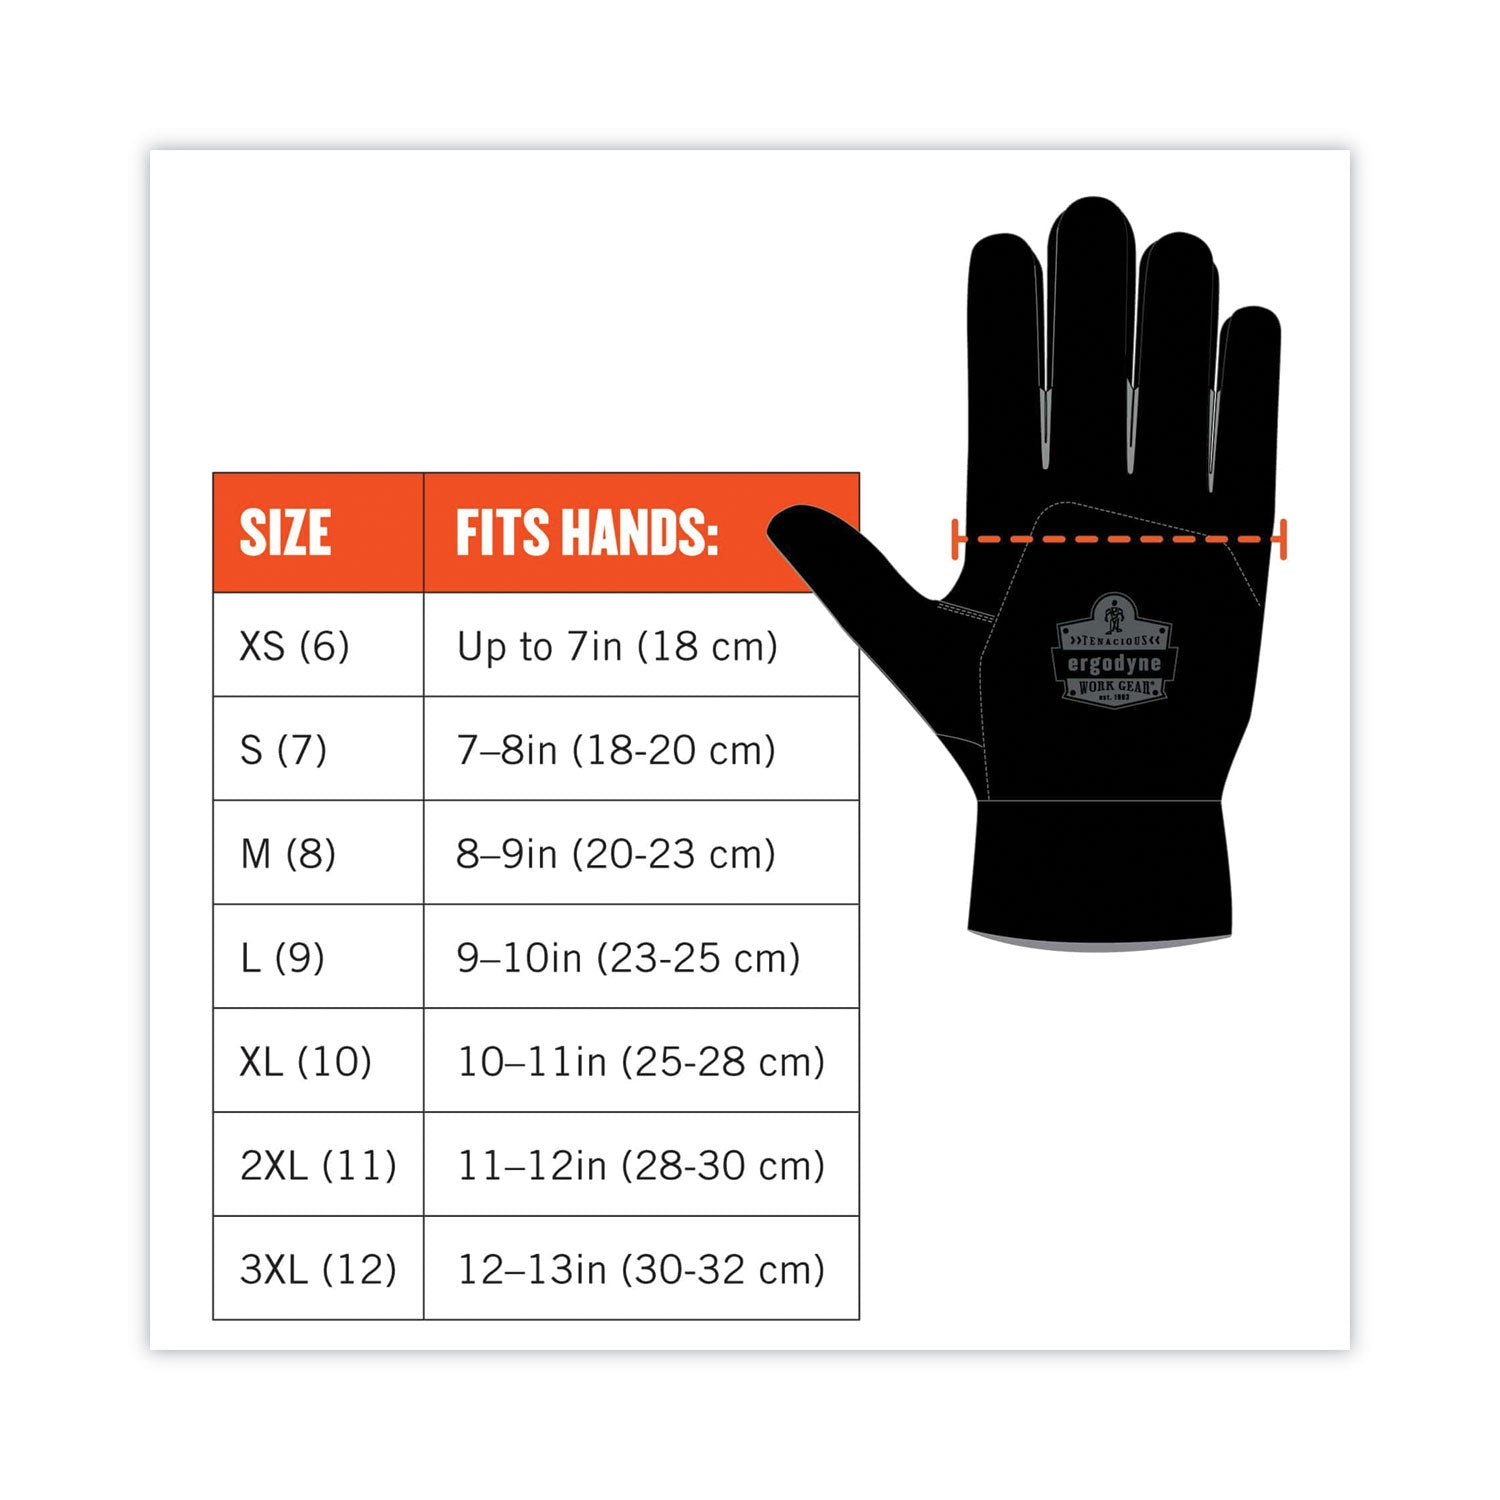 proflex-710-heavy-duty-mechanics-gloves-gray-2x-large-pair-ships-in-1-3-business-days_ego17046 - 6
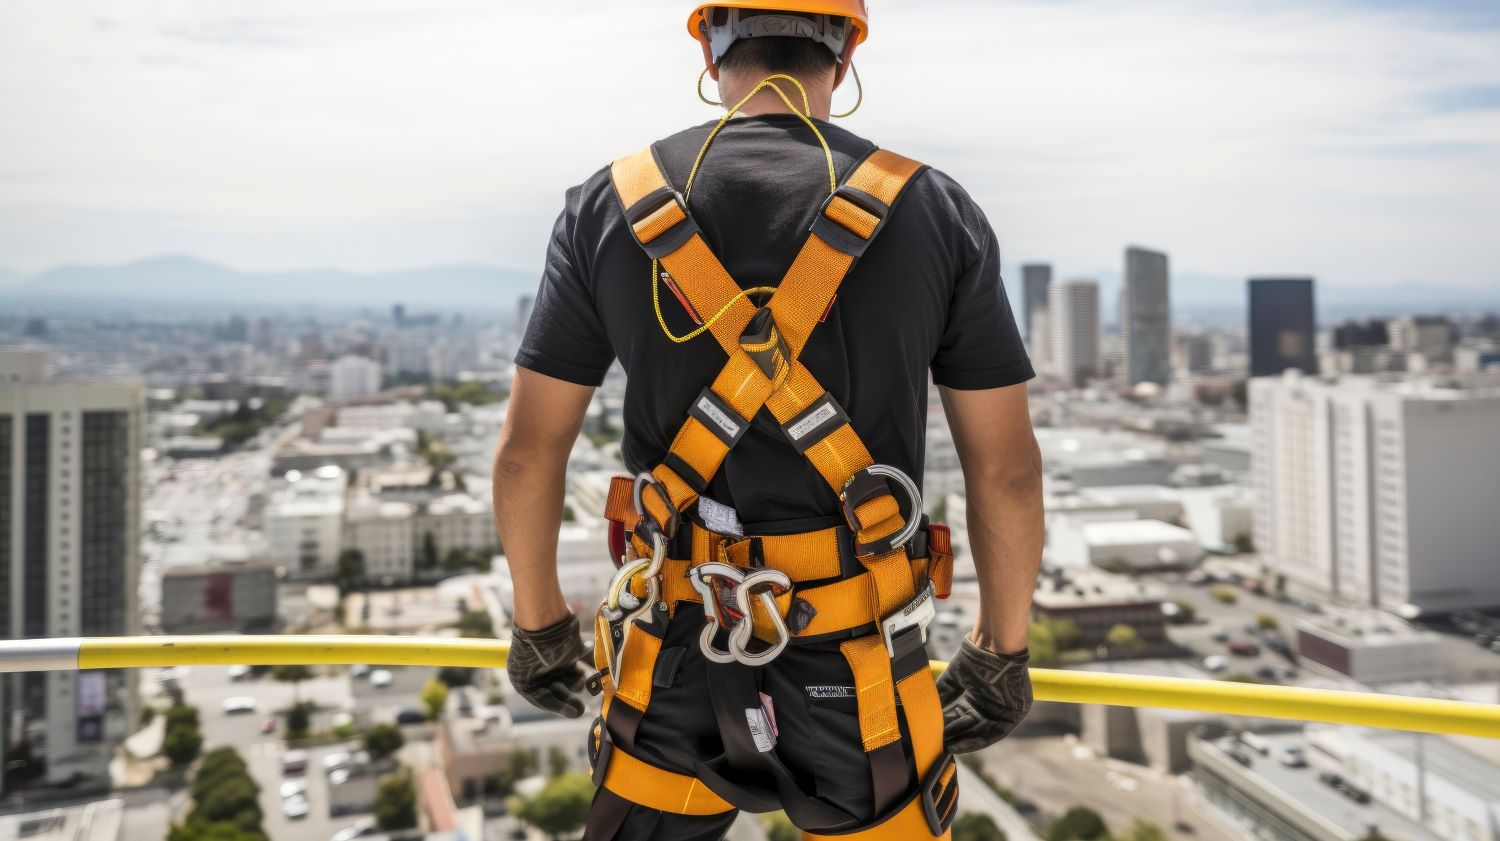 man working oil rigging site wearing fall protection gear
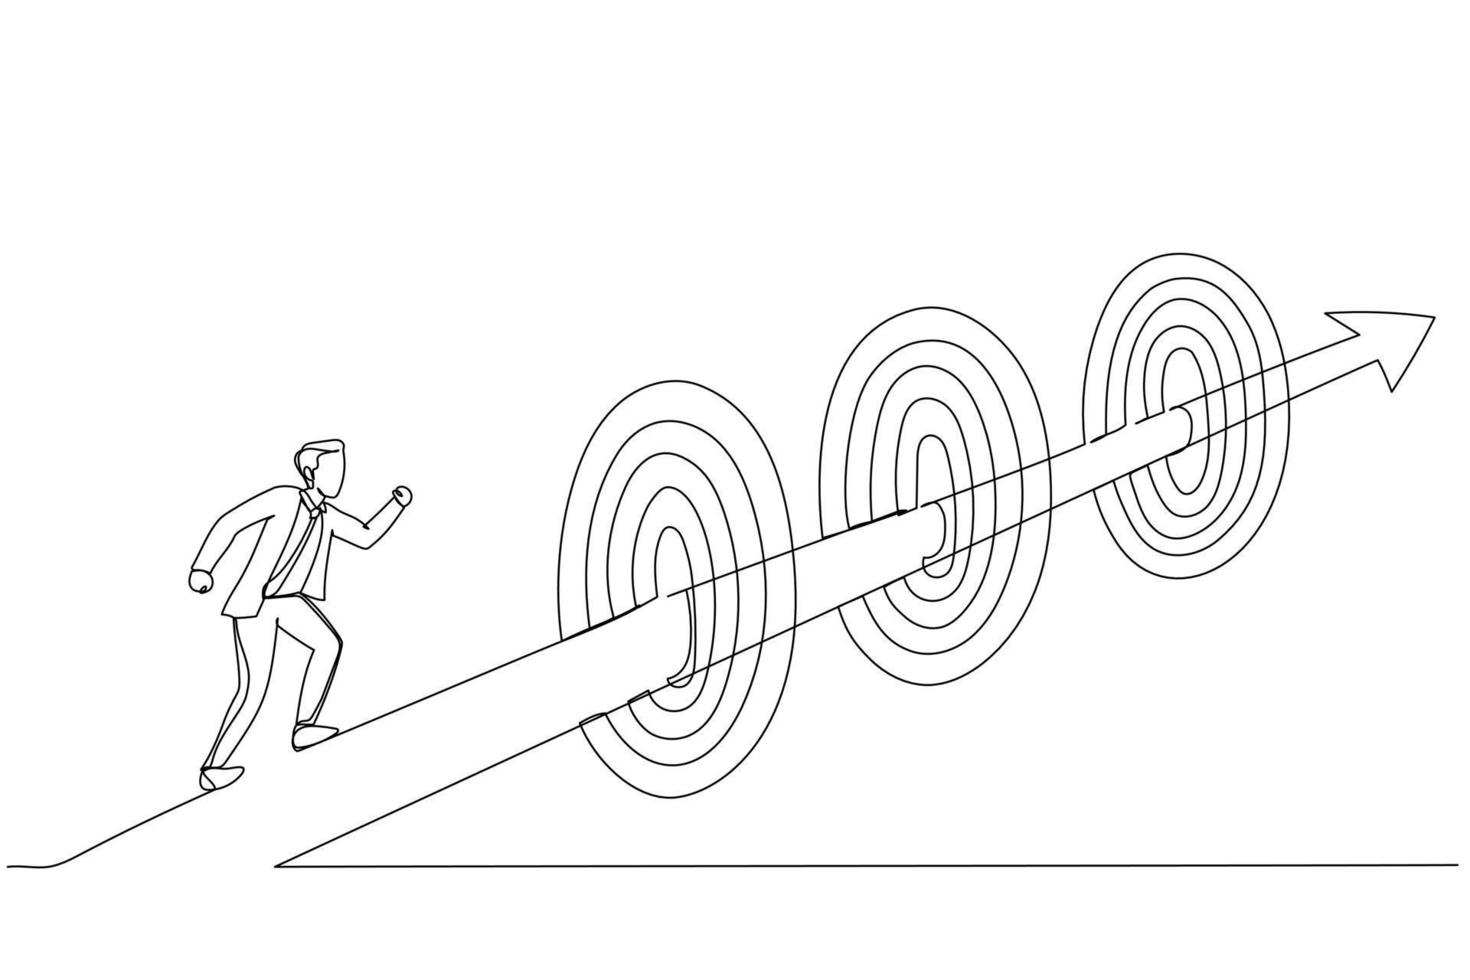 Drawing of businessman running on arrow way through targets. Metaphor for achievements or challenge to achieve targets and business goals. Single continuous line art vector

▶ [Problem statement] Would you repeat each line of the listing exactly, skipping any picture?

▶ [Problem solution]
 proflex-710-heavy-duty-mechanics-gloves-gray-2x-large-pair-ships-in-1-3-business-days_ego17046 - 6
 man working oil rigging site wearing fall protection gear
 Drawing of businessman running on arrow way through targets. Metaphor for achievements or challenge to achieve targets and business goals. Single continuous line art vector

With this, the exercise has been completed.